Cholecystitis Diagnostic Test

Author: Michelle Lin, MD
Updated: 3/18/2011

Cholecystitis - Diagnostic tests

JAMA Clinical Rational Examination Series: Meta-analysis of 17 studies which evaluated role of history, physical, and lab tests in working up cholecystitis

History and Physical Exam

Finding (+) LR (-) LR
Anorexia 1.1-1.7 0.5-0.9
Emesis 1.1-2.1 0.3-0.9
Fever (>35C) 1.0-2.3 0.8-1.0
Guarding 1.1-2.8 0.5-1.0
Murphy sign 0.8-8.6 0.2-1.0
Nausea 1.0-1.2 0.6-1.0
Rebound 0.6-1.7 0.8-1.4
Rectal tenderness 0.5-2.3 1.0-1.3
Rigidity 0.3-0.7 1.0-1.2
RUQ mass 0.5-1.2 0.9-1.1
RUQ pain 0.9-2.5 0.3-1.6
RUQ tenderness 1.0-2.5 0.2-1.1

Laboratory tests

Finding (+) LR (-) LR
Alkaline phosphatase (AP) >120 U/L 0.4-1.6 0.6-2.0
ALT >40 U/L or AST >48 U/L 0.5-2.0 0.8-1.4
Total bilirubin >2 mg/dL 0.7-2.3 0.7-1.2
All 3 elevated: Total bili, AST, AP 1.0-2.8 0.8-0.9
Any 1 elevated: Total bili, AST, AP 1.0-1.5 0.6-0.9
WBC >10K 1.2-1.9 0.5-1.8
WBC >10K and fever (>35°C) 0.9-2.8 0.8-1.0
WBC ≤10K and no fever (≤35°C) 0.4-0.7 1.4-1.8

Use the Fagan nomogram

Note:

  • All likelihood ratios (LR) cross or almost cross 1.0.
  • This is no history, physical exam, or lab test that would comfortably allow you to rule- out or rule-in cholecystitis.
  • Murphy’s sign is perhaps the most useful sign because the +LR has been shown to be as high as 8.6.

Bottom line

Have a low threshold to perform a RUQ abdominal bedside ultrasonography for patients with upper abdominal pain or a fever from an unclear source (especially elder patients).

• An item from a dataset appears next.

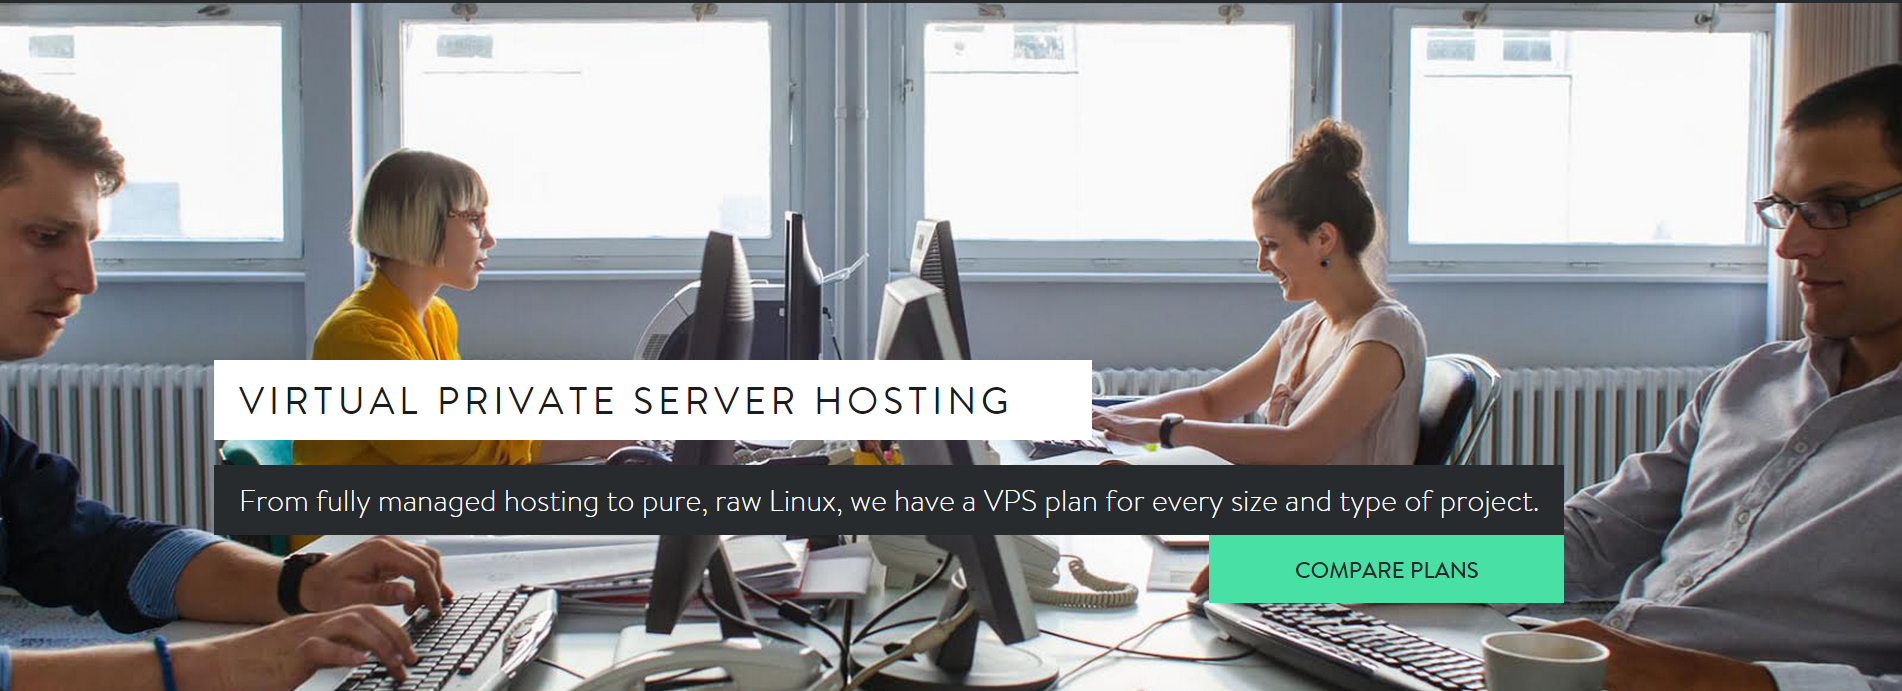 Media Temple Coupon Codes - hosting plan VPS Hosting

Look for indirect signs of cholecystitis:

  • Murphy sign
  • Distended gallbladder
  • Pericholecystic fluid
  • Thickened gallbladder wall
  • Gallstones

Fagan nomogram

Fagan nomogram

Draw a connecting your pre-test probability and your likelihood ratio. This provides you with your post-test probability.

References

  • Trowbridge RL et al. Does this patient have acute cholecystitis? JAMA. 2003, 289(1): 80-6. [PubMed]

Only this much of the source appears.